Exporting your data to a Directed Edge formatted XML file

Communication with the Directed Edge database is all done with our XML Format. The Ruby bindings make it easy to create files in that format that you can later import to your Directed Edge database.

Basic algorithm

  • Create an instance of DirectedEdge::Exporter to export the items you're creating
  • Loop through all of the customers in your store, creating a DirectedEdge::Item for each customer, and marking it as a customer by giving it a customer tag
  • While looping through the customers, for each customer, also loop through all of their purchases, creating a link from the user to the purchased products
  • Export each of those items, with the freshly created links and tags in place
  • Loop through all of the products in your store, creating a DirectedEdge::Item for each product, and marking it as a product by giving it a product tag
  • Export each of those items
  • Tell the exporter that we're done and it can finish up the XML

Encoding product and user IDs from the database

In the MySQL tables the product table has a simple integer id field as does the customer table. We want to encode those as unique identifiers for the Directed Edge database, which doesn't have separate tables for different item types.

So what we do is take the integer ID and prepend the words product and customer. So the row from the MySQL customer table with the ID 1 becomes customer1. The product from the MySQL product table with ID 2 becomes product2. It's not exactly rocket surgery.

The code in the comments should help you with more fine-grained details.

Output

At the end you'll have a file called examplestore.xml in the directory that you run the script. You'll naturally want to customize that to put it somewhere more appropriate (like, say, /tmp) when incorporating this with your own site.

  def export_from_mysql

    # Use the handy Directed Edge XML exporter to collect store data up to this
    # point
    exporter = DirectedEdge::Exporter.new('examplestore.xml')

    # Loop through every customer in the database
    Customer.find(:all).each do |customer|

      # Create a new item in the Directed Edge export file with the ID "customer12345"
      item = DirectedEdge::Item.new(exporter.database, "customer#{customer.id}")

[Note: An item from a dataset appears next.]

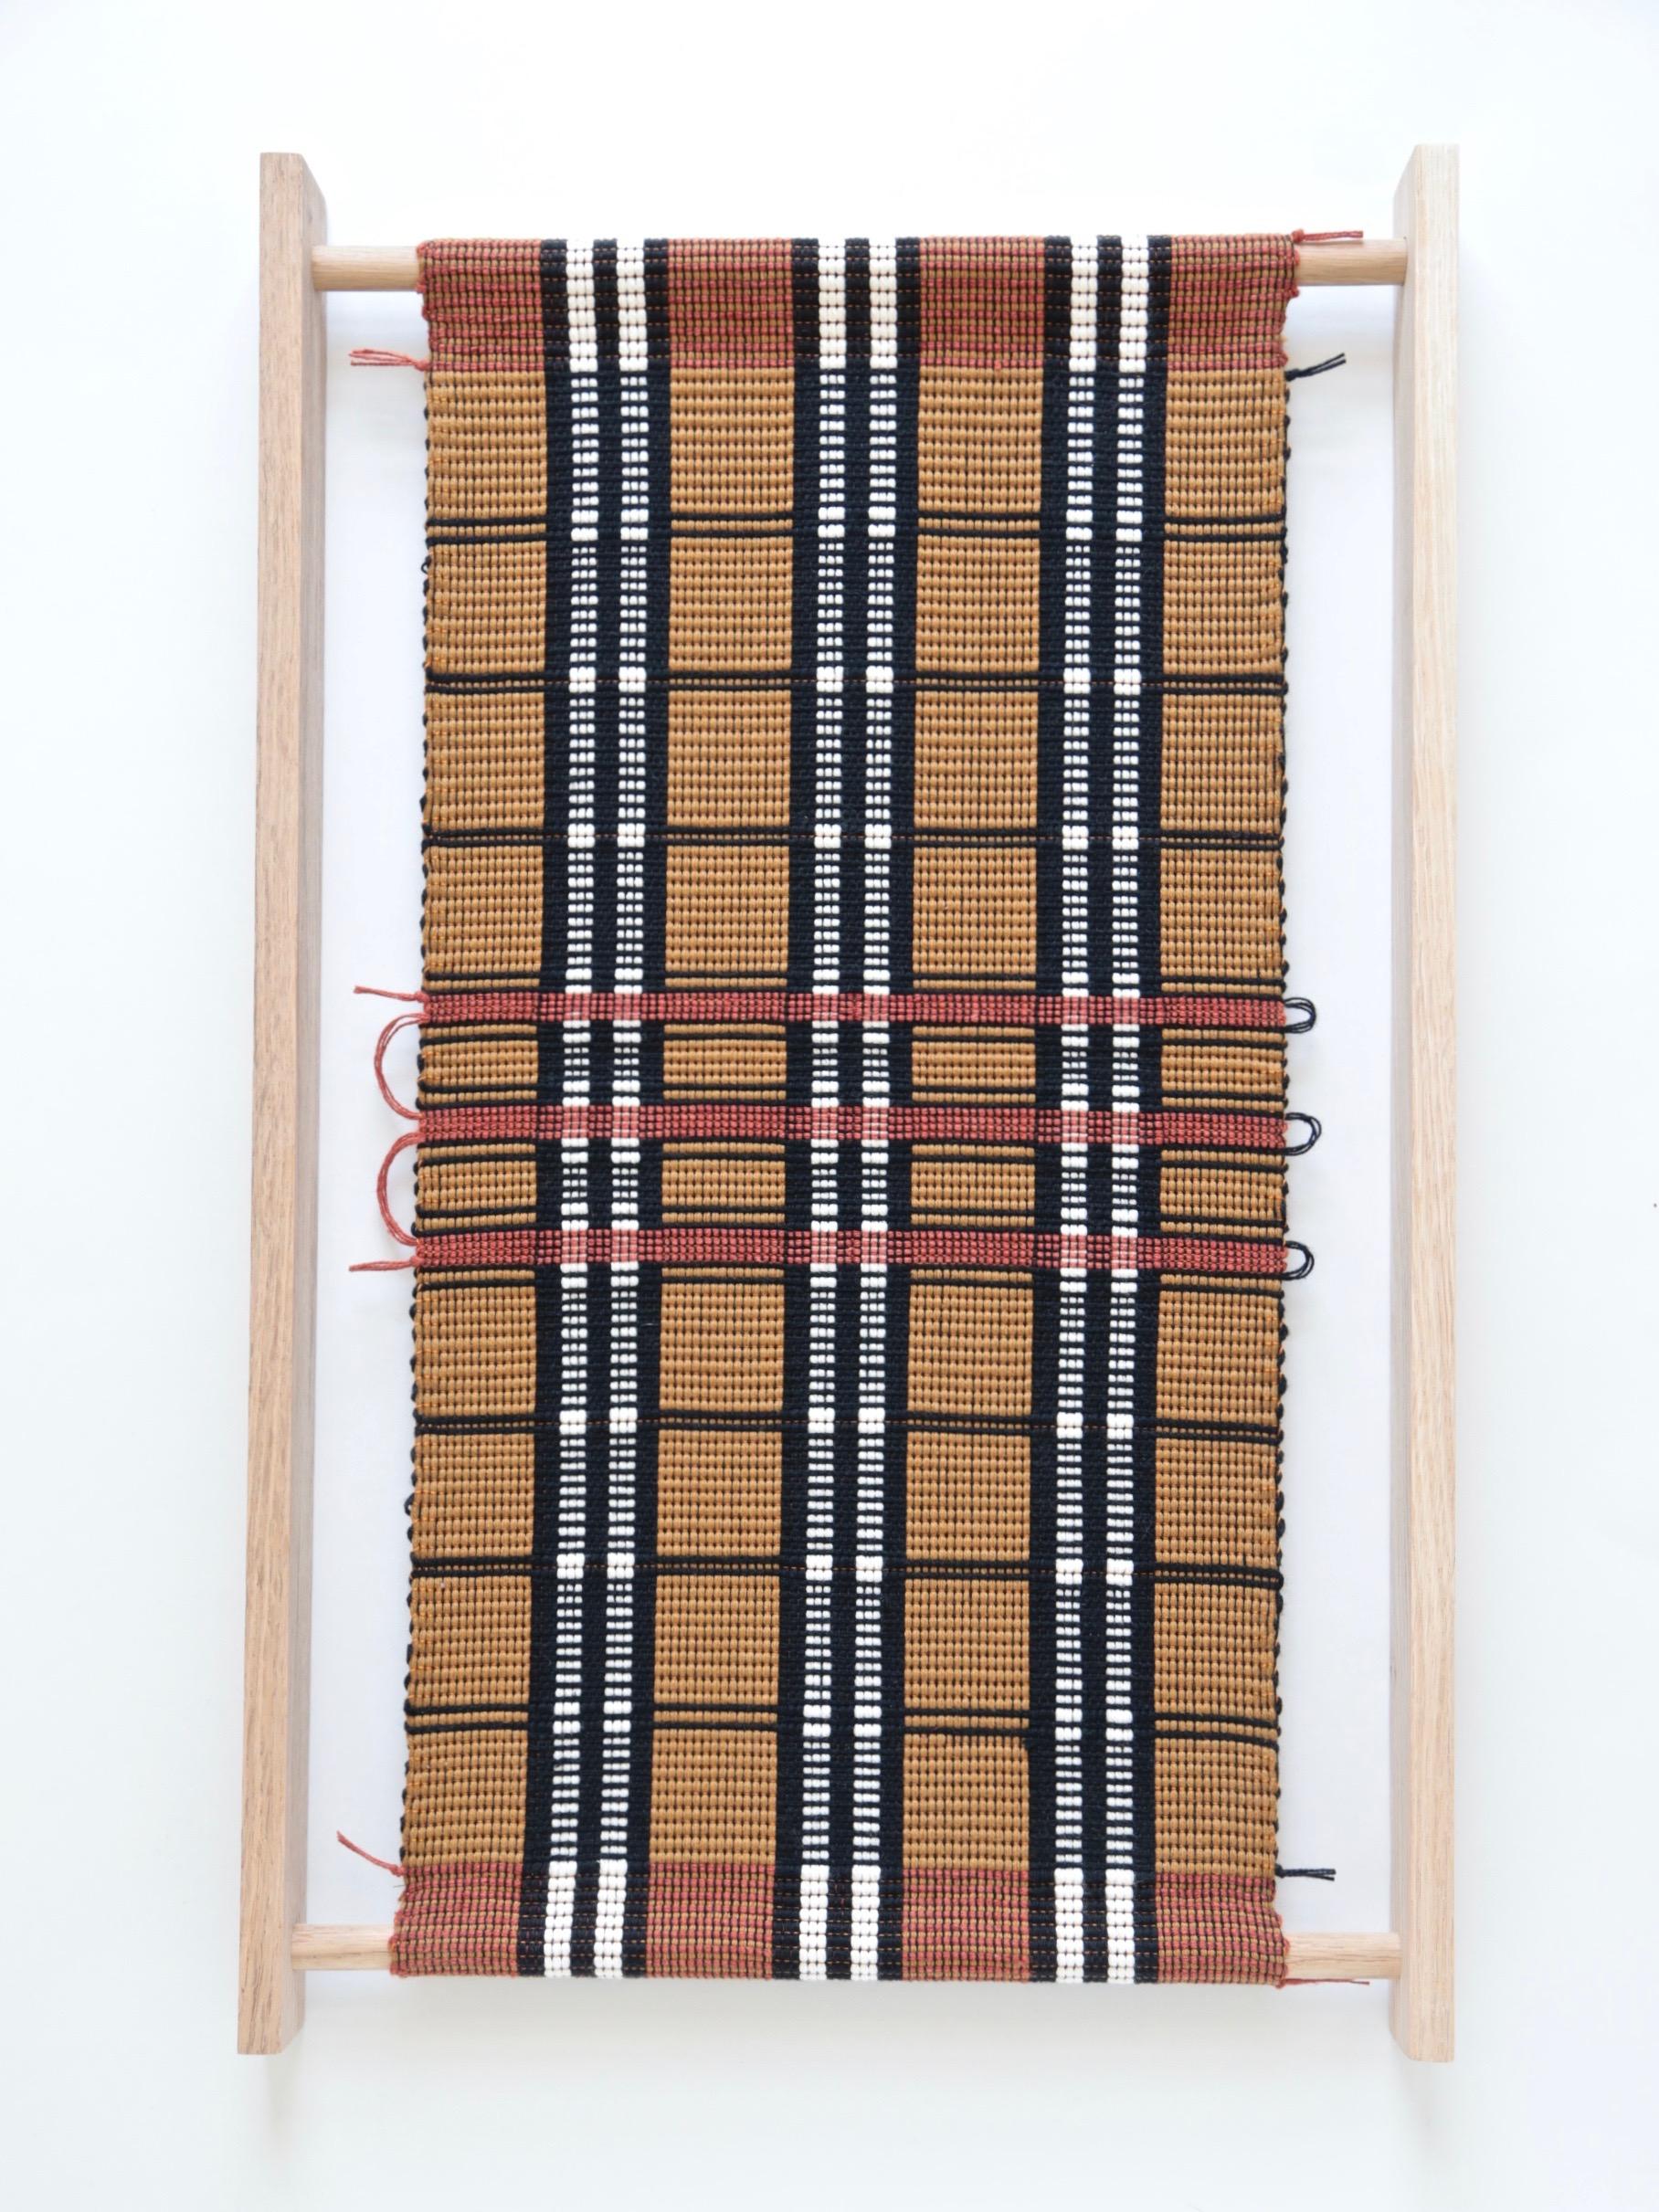 Juliette Lanvers    Dreaming of Mali I   hand-weaving, 18.5 x 12.75 in.

      # Mark this item as a customer with a tag
      item.add_tag('customer')

      # Find all of the purchases for the current customer
      purchases = Purchase.find(:all, :conditions => { :customer => customer.id })

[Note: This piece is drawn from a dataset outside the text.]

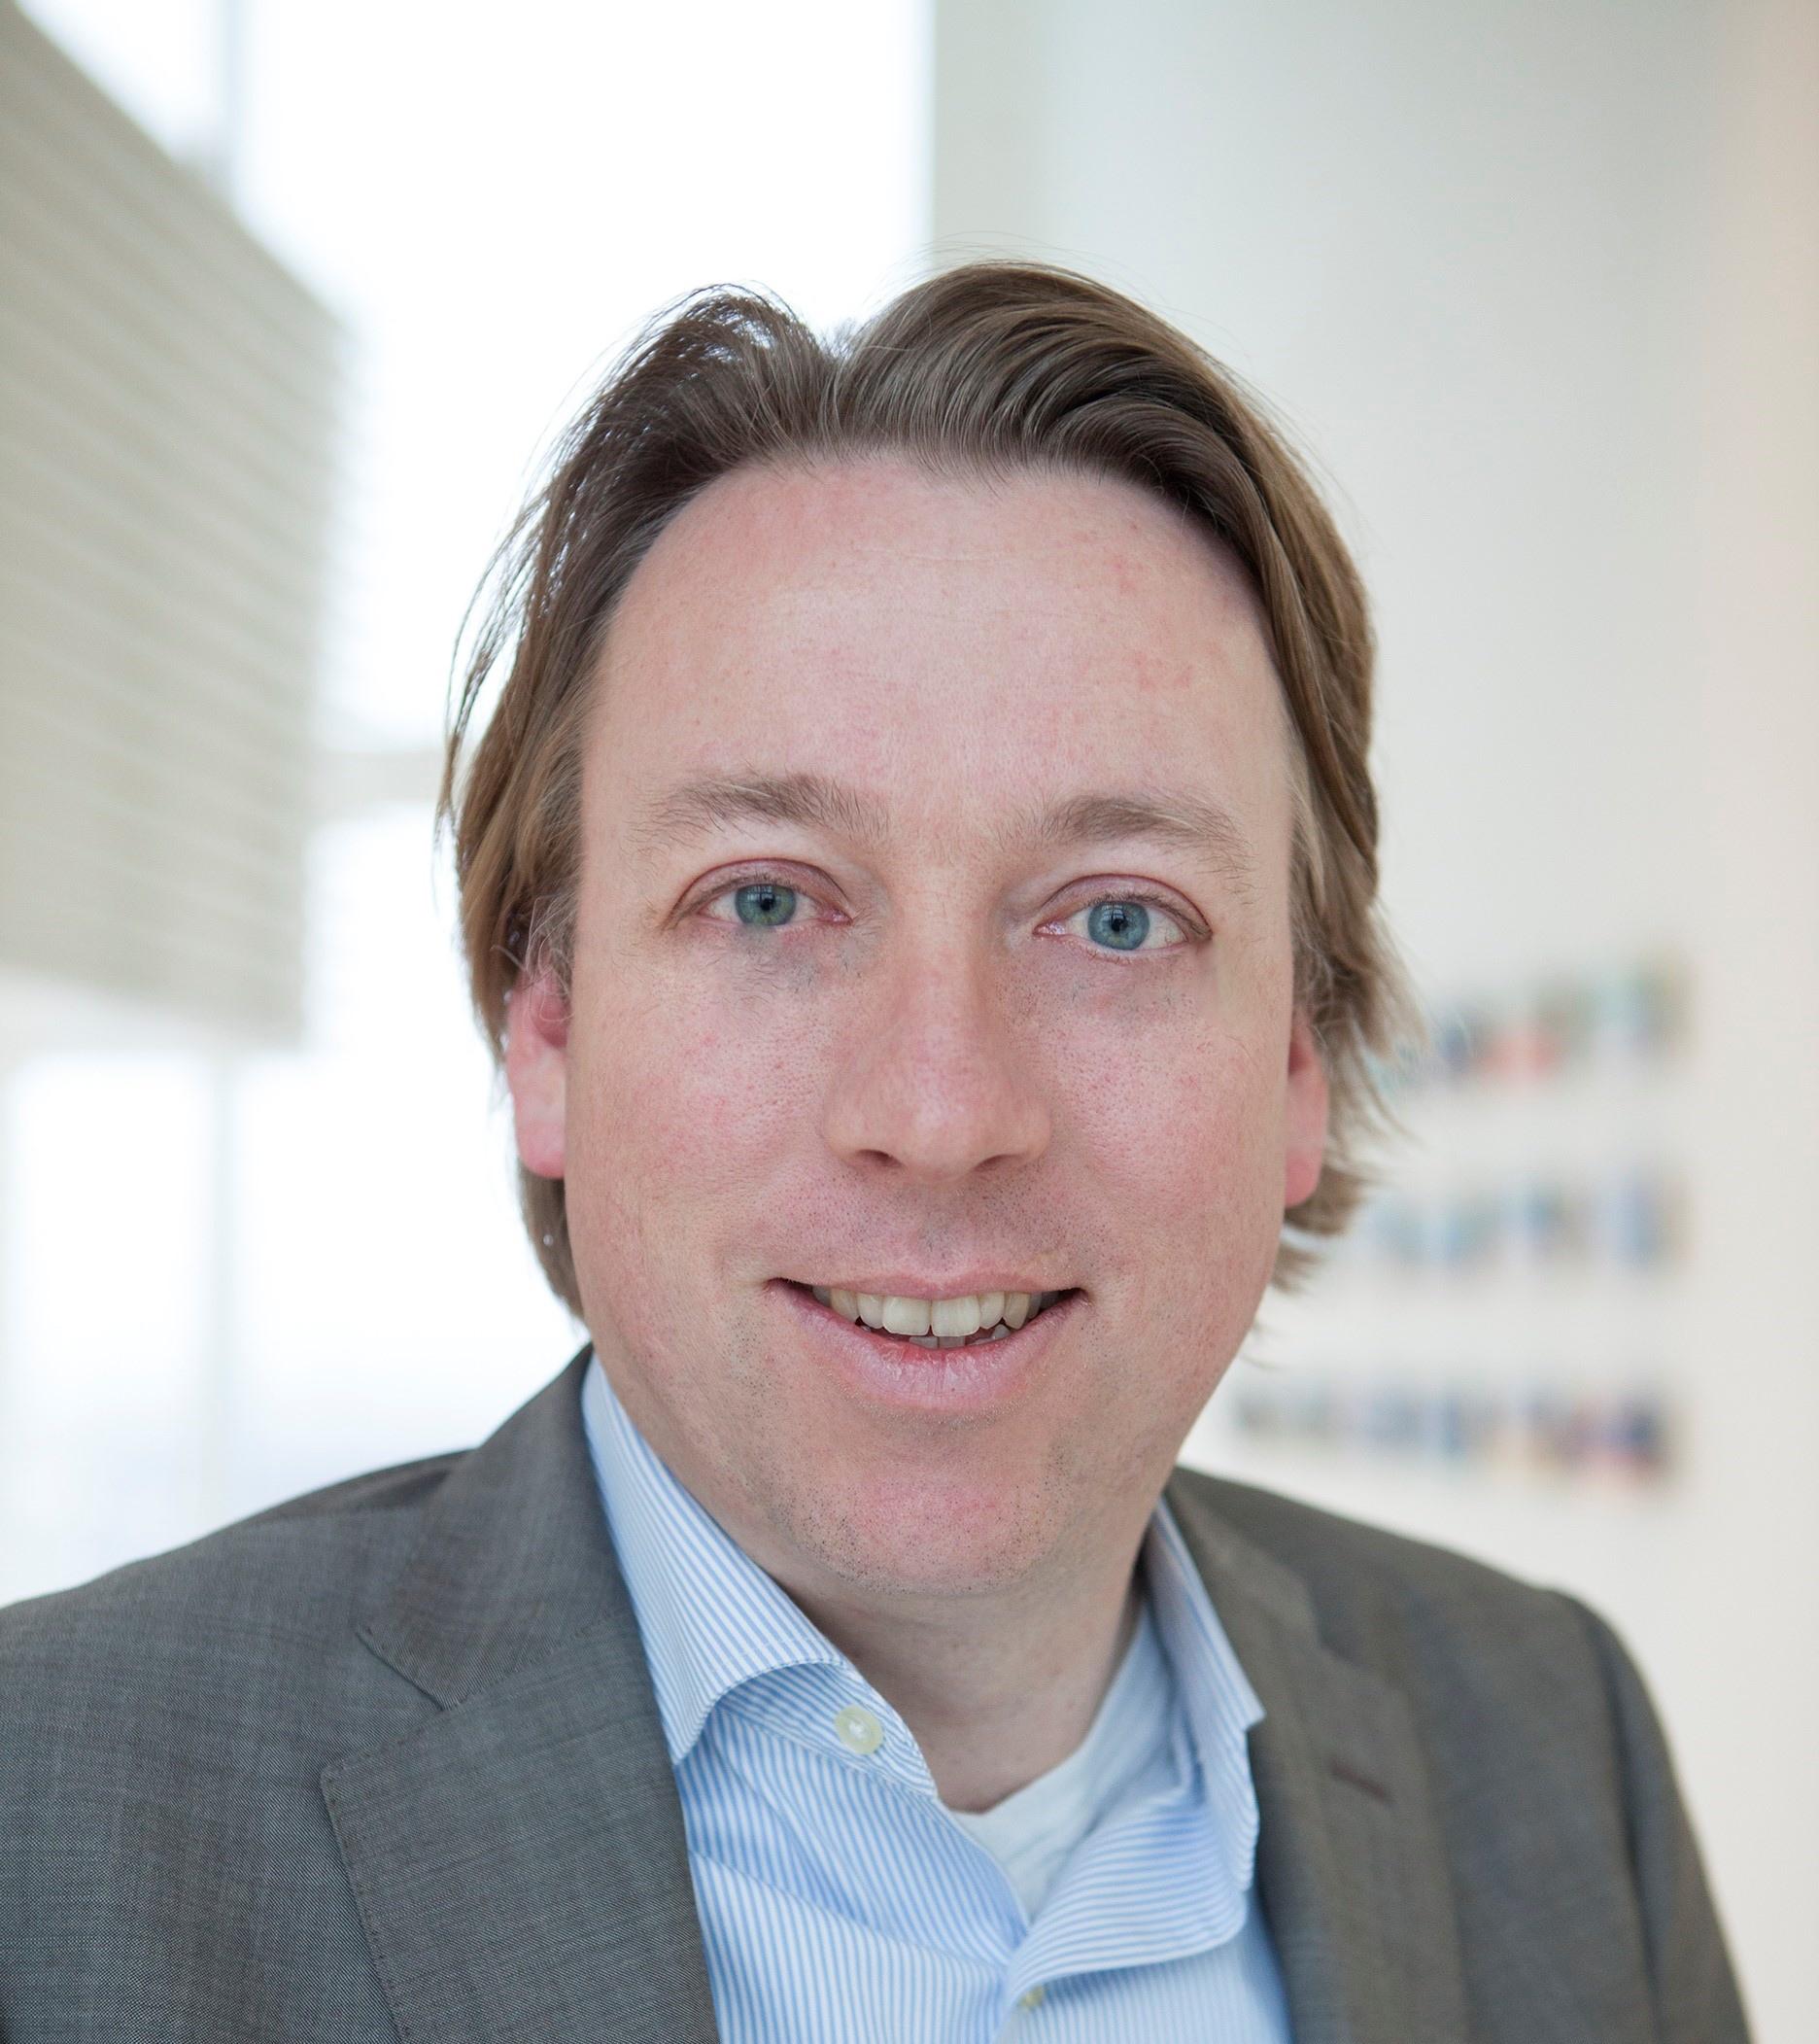 Favoriserer norsk innovasjonspolitikk nykommere over etablerte bedrifter?

      # For each purchase create a link from the customer to that item of the form
      # "product12345"
      purchases.each { |purchase| item.link_to("product#{purchase.product}") }

      # And now write the item to the export file
      exporter.export(item)
    end

    # Now go through all of the products creating items for them
    Product.find(:all).each do |product|

      # Here we'll also use the form "product12345" for our products
      item = DirectedEdge::Item.new(exporter.database, "product#{product.id}")

      # And mark it as a product with a tag
      item.add_tag('product')

      # And export it to the file
      exporter.export(item)
    end

    # We have to tell the exporter to clean up and finish up the file
    exporter.finish
  end

Customizing

It's here that the bulk of the customization work will be needed to map things to your store. For starters you'll need to do a search and replace for Customer, Product and Purchases for them to be the same ActiveRecord subclasses that you defined up at the top of the code and the names of those should correspond to your database tables. You'll also need to switch the attribute names from id, product and customer to whatever the corresponding columns are called in your database. And as mentioned above, you'll want to give the resulting XML file an appropriate home.

You may also want to specify additional tags that correspond to product categories you might later want to filter on — book or album, for instance. Since products can have as many tags as you like, you can create those in addition to the product and customer tags or use your own scheme entirely.